Stanley Druckenmiller Buys $300 Million in Gold; Should You Buy, Too?

Gold-PriceThe tumbling gold prices in recent years have made the shiny metal look down and out. However, not everyone shares the bearish view. In fact, billionaire investor Stan Druckenmiller just bought millions of shares of a gold exchange traded fund (ETF).

If you are not familiar with Stan Druckenmiller, know this: he used to be the chief strategist for George Soros and it was his idea to short the British pound in 1992, which famously “broke the Bank of England.” The legendary shorting made Soros’s Quantum fund $1.0 billion.

Moreover, Druckenmiller has a tremendous track record when it comes to investing. His own hedge fund, Duquesne Capital Management, averaged an annual return of 30% from 1986 to 2010.

So what’s he doing this time? Buying a gold ETF.


According to his family office’s most recent SEC filing, Druckenmiller just bought 2.9 million shares of SPDR Gold Shares (NYSE Arca:GLD). The newly taken position in the gold ETF was worth approximately $323.6 million, which made up more than 20% of Druckenmiller’s portfolio. (Source: The Securities and Exchange Commission, last accessed August 20, 2015.)

Also Read: Billionaire Stanley Druckenmiller Buys 2.9 Million Shares of SPDR Gold Shares (NYSEArca:GLD)
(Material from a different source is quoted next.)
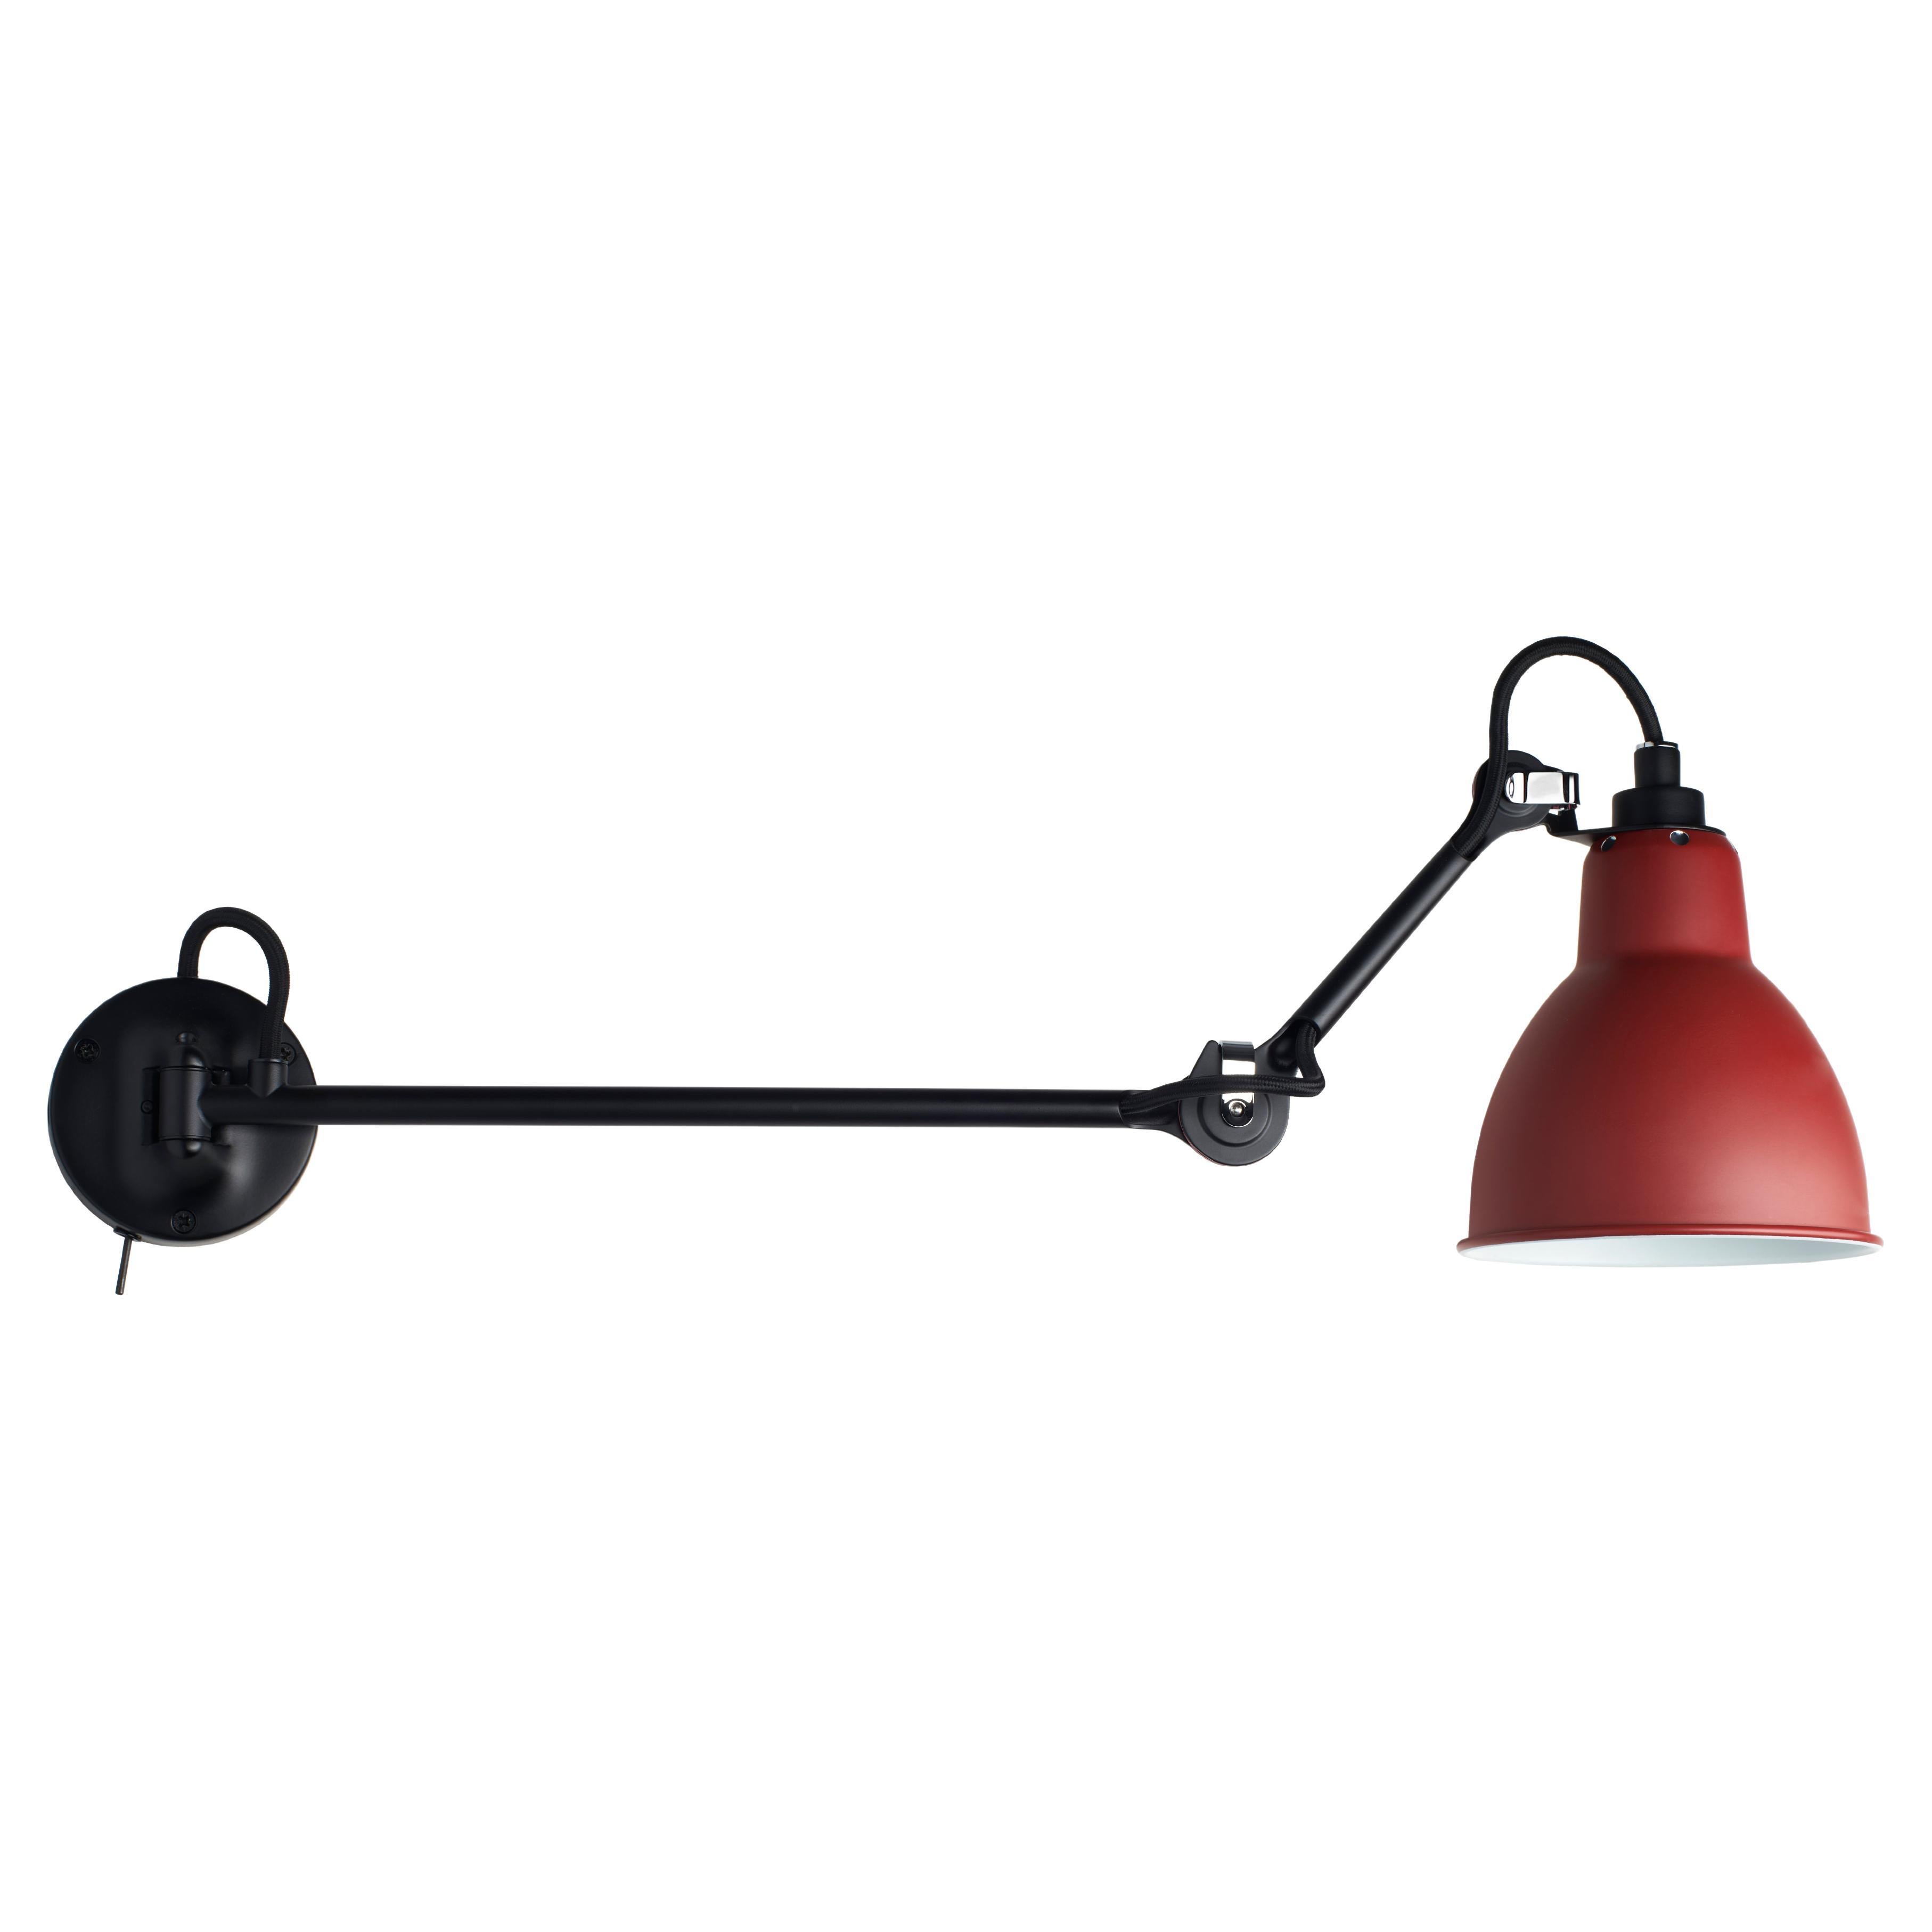 DCW Editions La Lampe Gras N°204 L40 SW Wall Lamp in Black Steel Arm & Red Shade

Low Interest Rate Policy to End “Very Badly”

It is a bold move to put more than one-fifth of his holding into a shiny metal ETF. But Druckenmiller’s bullish view on gold shouldn’t come as a surprise, as he has criticized the Fed’s low interest rate policy and said that it could end “very badly.”

“I know it’s so tempting to go ahead and make investments and it looks good for today, but when this thing ends, because we’ve had speculation, we’ve had money building up four to six years in terms of a risk pattern, I think it could end very badly.” (Source: CNBC, last accessed August 20, 2015.)

Since 2008, the U.S. Federal Reserve has increased money supply by 67%, or more than $5.0 trillion. The massive quantitative easing program has pushed up asset prices. The stock market and the bond market are surging to all-time highs. Meanwhile, growth in the real economy was much more moderate, and it’s hard to know whether the growth was real or a just a result of the artificially low interest rates.

Druckenmiller was worried about things such as the large number of unprofitable companies pursuing IPOs and the high levels of corporate debt. In April he said “You have to be on alert to that ending badly […] I don’t quite know how we get out of this, but it’s possible.”

His latest move to SPDR Gold Trust could be a sign of turning to “risk off” mode, a potential way to survive the bad ending Druckenmiller was referring to.

Note that he was not just loading up on the gold ETF. His SEC filing shows that he also bought 1.3 million shares of Newmont Mining Corporation (NYSE:NEM), worth around $29.9 million. Moreover, he bought 3.5 million shares of copper company Freeport-McMoRan Inc. (NYSE:FCX), with a value of around $66.0 million.

With more than one fifth of his portfolio invested in the yellow metal, Druckenmiller is making a big bet. His previous big bet on the British pound turned out to be tremendously lucrative. Will he be right this time too? Only time will tell.